Post Prandial Philosophy is a collection of short essays by Grant Allen, published in 1894. The title is a small joke. These are the kind of essays that might be talked through after dinner, when the serious work of the day is done and a man with too many opinions feels the need to share them. Allen, who had a great many opinions on a great many subjects, found the form natural.
The pieces in the collection cover an extraordinary range. There are essays on the inadequacy of the English educational system, on the relations between men and women, on the future of marriage, on the cultural cost of imperialism, on the strangeness of English food, on the merits of vegetarianism, on the proper way to spend a Sunday, on the value of cycling, on the etiquette of railway carriages, and on twenty or thirty other subjects in a similar vein. Most of the essays are short, six or eight pages, and most of them have a definite argumentative point.

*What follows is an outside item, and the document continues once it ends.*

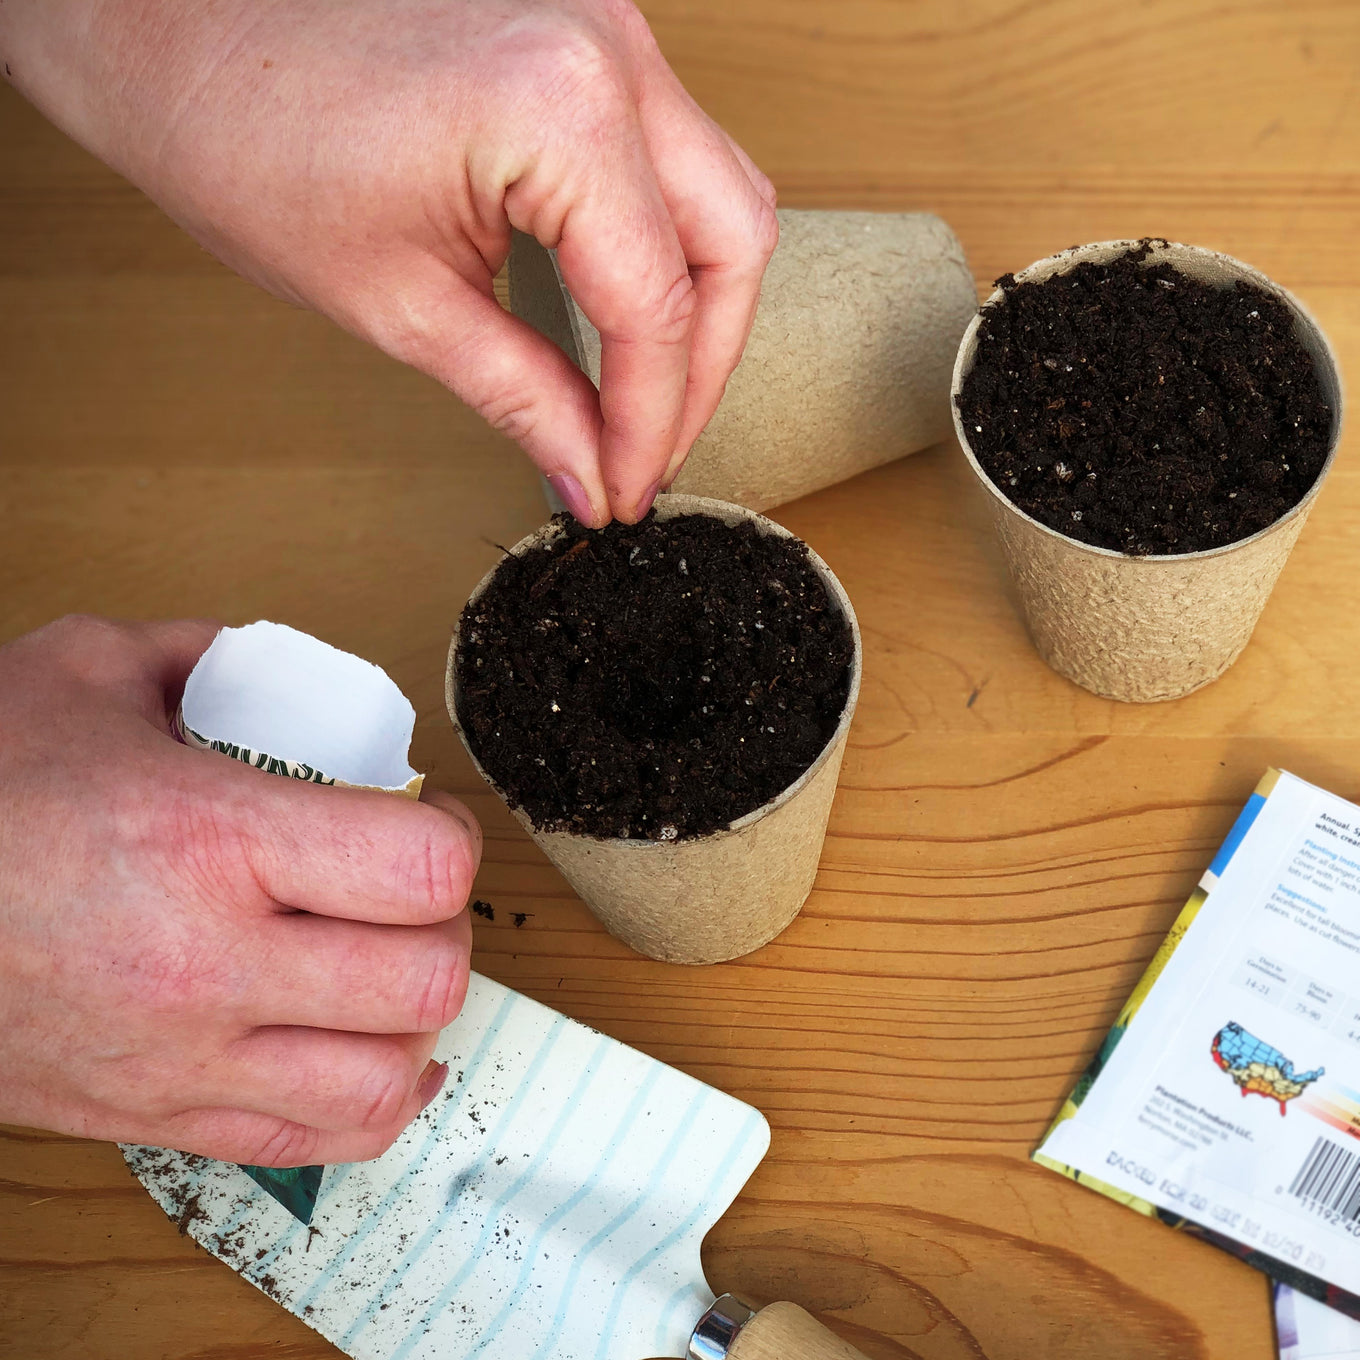 Start Mini Harvest Blend Pumpkins seeds in biodegradable paper or peat pots.

Allen’s political position is consistent. He is a radical liberal of the 1890s kind, in favour of women’s suffrage, against the public school system, sceptical about the established church, and worried about the direction of British imperial policy. He writes with a confident clarity and a certain edge of impatience that gives the essays their flavour. He is not afraid to offend, and several of the essays in this collection had drawn complaints in their original magazine appearances.
The book is most enjoyable now as a portrait of late Victorian opinion at its most independent. Allen was one of a number of writers in the period who used the magazine essay to argue against the comfortable assumptions of middle class Britain. His positions on women and marriage in particular anticipate the more controversial argument of The Woman Who Did, his novel of the following year. The book runs about three hundred pages and works as a series of after dinner conversations with a slightly difficult guest. It pairs naturally with the essays of George Bernard Shaw and the early polemical writing of H G Wells.